Assim sendo, e estando o nosso sistema de controlo da constitucionalidade ‘limitado quase exclusivamente aos actos de carácter normativo, com exclusão dos actos de outra natureza (actos políticos, actos administrativos, actos judiciais em si mesmos)’ (J. J. Gomes Canotilho/Vital Moreira, Constituição da Republica Portuguesa Anotada, 3ª Ed., Coimbra Editora, 1993, p.983), não pode ter-se por adequadamente suscitada, durante o processo, uma qualquer questão de inconstitucionalidade normativa. Neste sentido, unânime na jurisprudência constitucional, veja-se, por exemplo, o Acórdão n.º 199/98, publicado no Diário da República, II Série, de 28 de Março de 1989.
5. É certo, porém, que no requerimento de interposição de recurso - momento já não idóneo para suscitar questões de constitucionalidade não antes colocadas perante o tribunal recorrido - se invoca pela primeira vez a inconstitucionalidade de uma outra norma, nos precisos termos que se transcrevem e que intendem justificar a sua anterior não impugnação:
‘(...) excepto quanto à pela primeira vez aplicada nestes autos disposição do art. 72.º, nº1 do C.P.T. cuja inconstitucionalidade - por consubstanciar óbvia, injustificada e totalmente desproporcionada denegação do acesso à Justiça e aos Tribunais - manifestamente só no presente requerimento (primeiro momento processual após o proferimento do Acórdão recorrido) poderia ser suscitada, como agora o é.’

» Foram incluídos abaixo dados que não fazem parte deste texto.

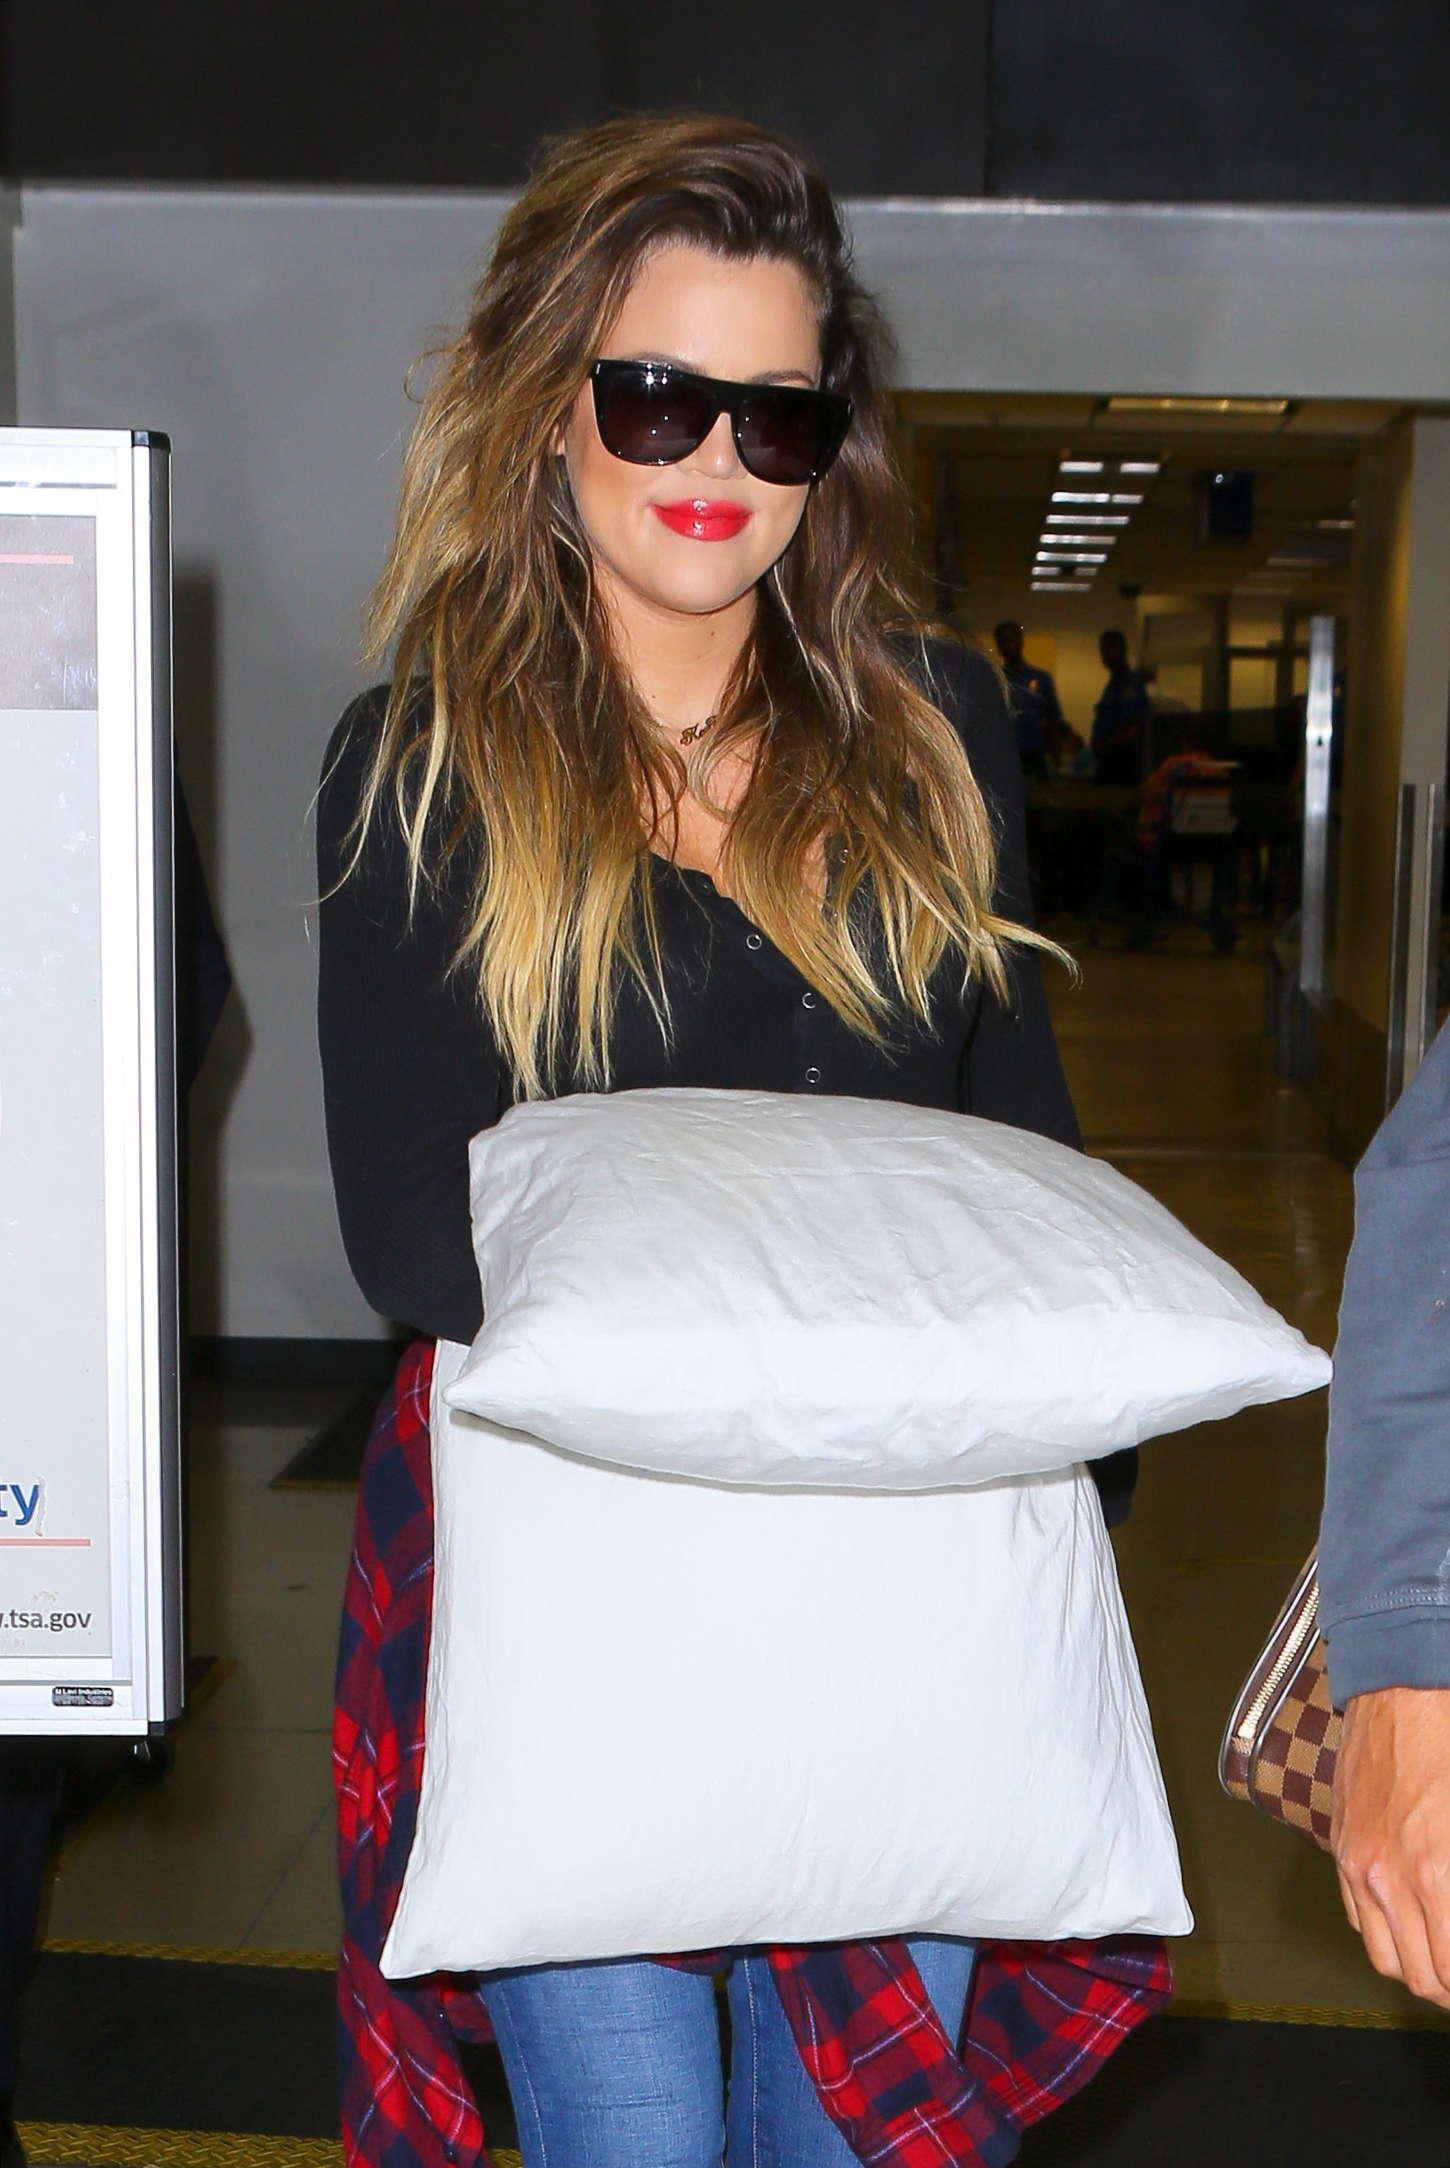 Khloe Kardashian 2014 : Khloe Kardashian with Scott Disick at LAX airport -14

Pretende o recorrente justificar o desvio ao ónus de suscitar a questão de constitucionalidade durante o processo, reconhecido na jurisprudência constitucional, alegando não ter disposto de oportunidade processual para tal suscitação – designadamente, porque a última decisão recorrida aplica uma norma, ou interpreta-a, de forma insólita e inesperada (cfr., por exemplo, o Acórdão n.º 479/89, publicado no Diário da República, II série, de 24 de Abril de 1992).

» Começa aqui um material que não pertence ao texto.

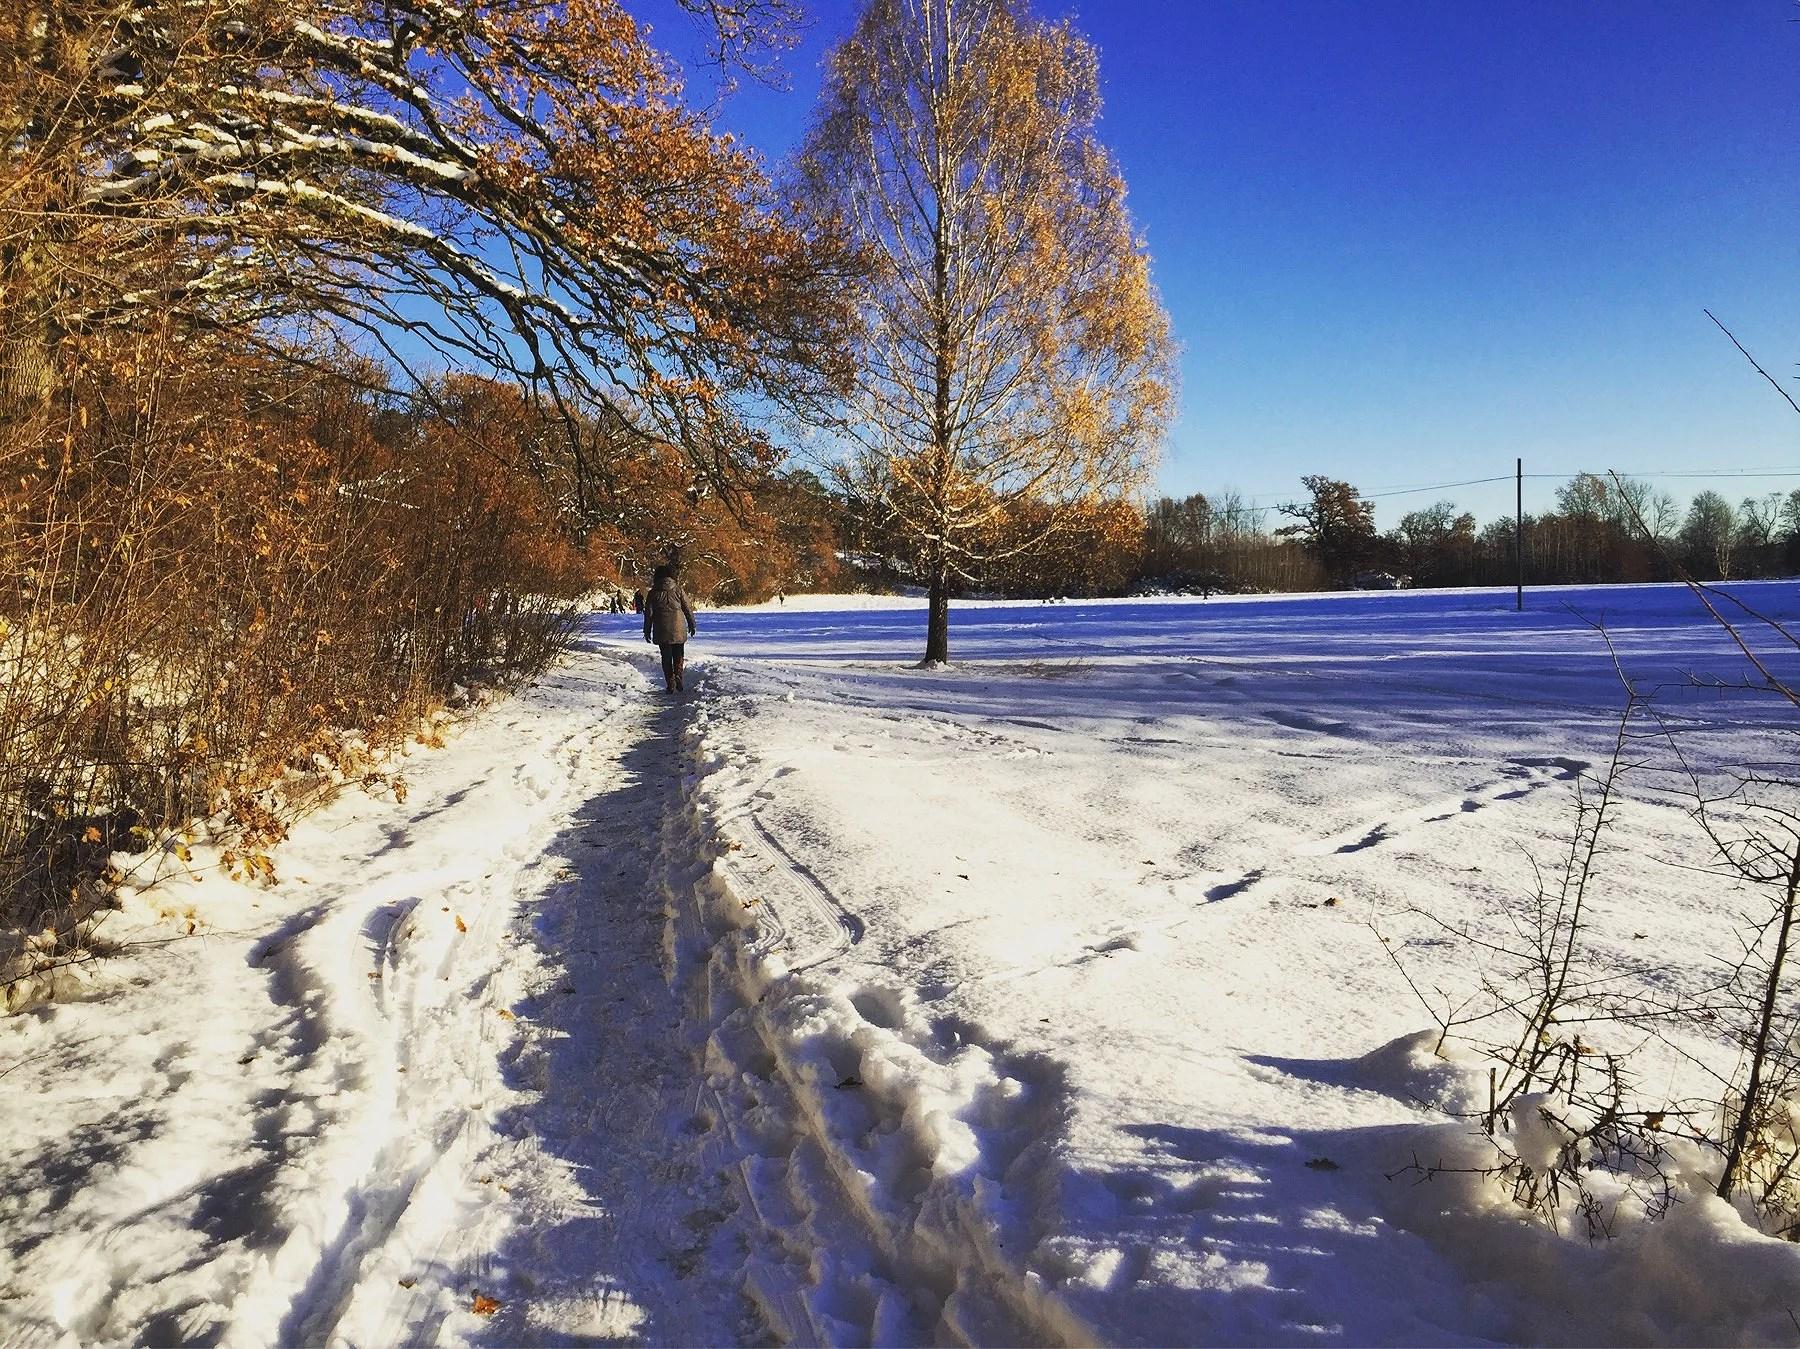 Fint väder

Diga-se, todavia, que, em face do teor da decisão recorrida, o que se afigura ‘insólito e inesperado’, no presente caso, é verdadeiramente a impugnação, em via de recurso, da inconstitucionalidade da norma do artigo 72º, n.º 1 do Código de Processo do Trabalho, uma vez que tal decisão omite qualquer referência a esta norma.
Dir-se-á que pode ainda aplicar-se uma norma, não a identificando: supondo que um certo efeito ou consequência jurídica só pode imputar-se a uma norma, será então possível concluir que tal norma foi aplicada.

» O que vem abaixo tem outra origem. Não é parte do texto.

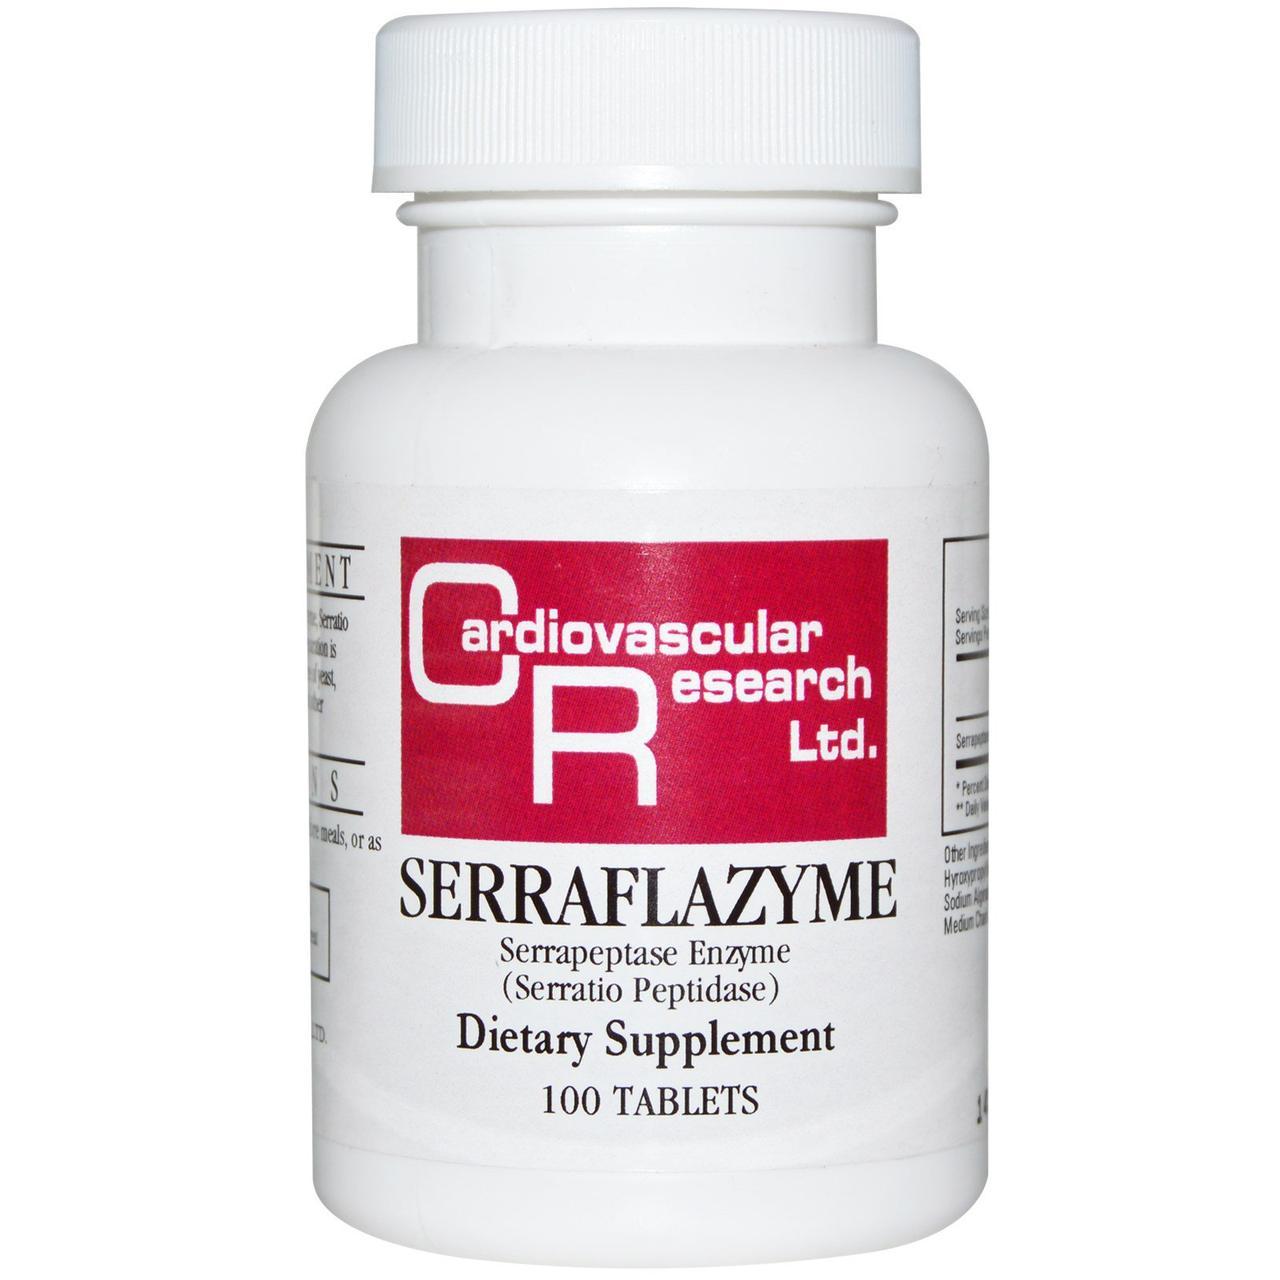 Серрафлазим, Cardiovascular Research Ltd., 100 таблеток.

Todavia, tendo em conta a redacção da norma impugnada (‘A arguição de nulidade da sentença é feita no requerimento de interposição do recurso’), a decisão recorrida (do Supremo Tribunal de Justiça, proferida em recurso de acórdão do Tribunal da Relação de Lisboa), e a total omissão de controvérsia, nessa decisão, quanto ao momento azado para suscitar nulidades (de resto não identificadas face ao artigo 668º do Código de Processo Civil, para onde aquela norma remete – cfr. Alberto Leite Ferreira, Código de Processo do Trabalho anotado, 4ª ed., Coimbra, 1996, pág. 358), não se vê como poderia ter-se tal norma por aplicada (pela primeira vez e de forma alegadamente ‘insólita e inesperada’) na decisão recorrida.